Given that I only plan on scanning a few books, I think this design will work well with a little modification, and will let me use my single DSLR. I plan on building it in such a way that the clear book rack pivots on a bearing and acts a little like a rocking chair. Rotating it to one side will line up one page, and a quick ~45 degree rotation will bring the opposite page into frame.
I'll likely use a pair of mini fluorescent lights with a diffuser for the lighting, and I'll build the entire rack so the height can be adjusted, allowing smaller books to be moved closer to the camera.
I'm still messing around with the software end of it. It will largely depend on if I end up with the nook e-reader, or the Sony Touch Edition. Each handles various formats slightly different, and the Sony doesn't render color pages in black and white quite as effectively as the nook.
Anybody built or used a book scanner and able to offer any advice? Critiques and suggestions are always welcome.
Registered Member #56
Joined: Thu Feb 09 2006, 05:02AM
Location: Southern Califorina, USA
Posts: 2445
I have been working on scanning my electronics textbook at school, although it ended up being a little easier for me since our school was too cheap to order the book with a binding, I just dropped it into an ancient color scanner I found at school and a few days later had 15gb of image files.
Likewise, we have been focused on the image processing more, trying to get all 1000 pages to fit in a reasonably sized file, and taking care of the junk that comes from the scanning process. We had really good results using a book that we had a digital version of, using the djvu format we managed to compress the 1600 page book into a 75MB file (down from about 40GB of PNG files!) at 600DPI. You could see the compression in some of the images, but they are still perfectly legible.
What I have learned is that the better the original image you can get the easier the process will be, the book we manually scanned was done on a fairly ancient scanner that doesn't give the greatest scans which has been a major headache now that we are trying to compress the images.
Registered Member #16
Joined: Thu Feb 02 2006, 02:22PM
Location: New Wilmington, PA
Posts: 554
I'll be using a 12MP Olympus DSLR, though I'll probably knock the resolution back slightly to get more images on the card, especially considering the very low resolution of Ebook reader screens (I think the very highest are about 1024x800) That should help keep file sizes down, though full color will ensure its probably still at least 150MB for the first textbook I plan on scanning.
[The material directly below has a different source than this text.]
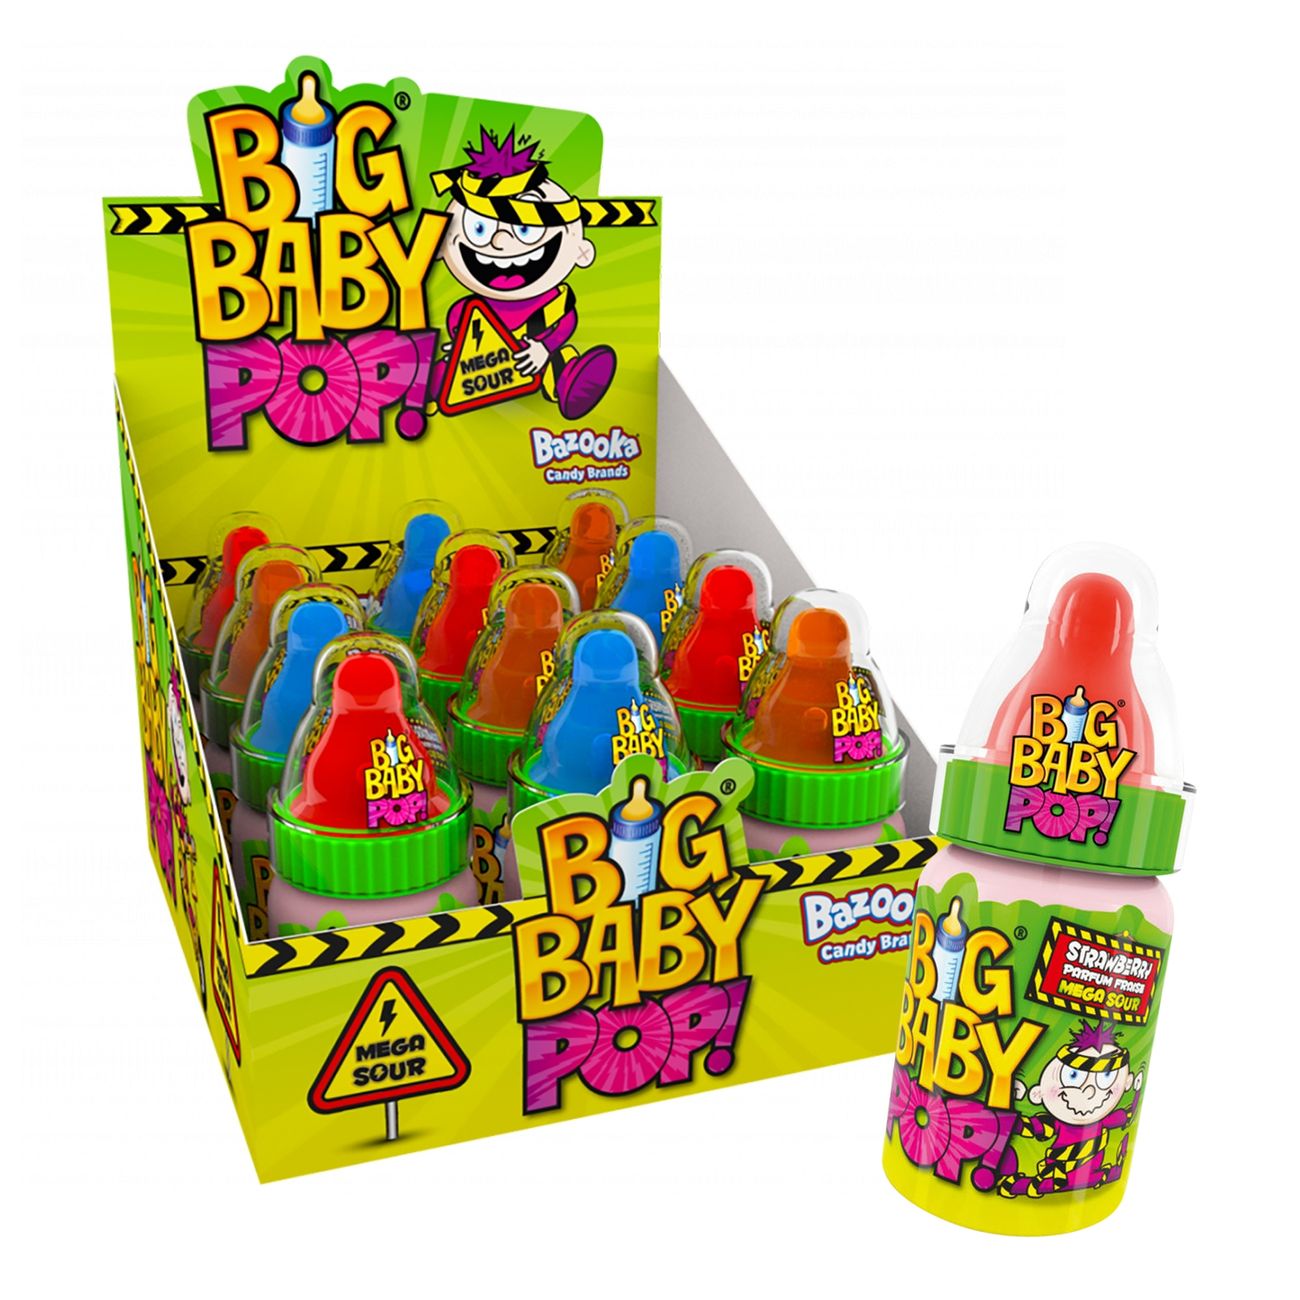 big-baby-pop-sour-storpack-95408-2

The camera captures in JPEG and RAW. The RAW files are *much* larger, and they're a little slower to work with in large numbers as far as actual rendering time goes, but I think they might be slightly less effort to tinker with, as its easy to just tell CS3 to treat every image exactly the same and then ignore it for a couple hours.
I'm not familiar with the djvu file format, and I don't think either of my prospective readers support it. Whats the background on it? Have you tinkered with EPUB or any of those?
Registered Member #56
Joined: Thu Feb 09 2006, 05:02AM
Location: Southern Califorina, USA
Posts: 2445
DjVu is a free (and while the encoder is not open source, there are viewers that are) compression system that works 5-10 times better than jpeg compression for most things, and is supposed to be able to render the images faster than a normal image viewer. It works by splitting the image into a background/foreground, and only actually compressing the useful information on the page, along with a bunch of other trickery.
I know the iphone supports it, but I don't think that an android reader has been released for it (as would be required for the nook), and amazon probably will never support it, so in that sense it probably won't help you much.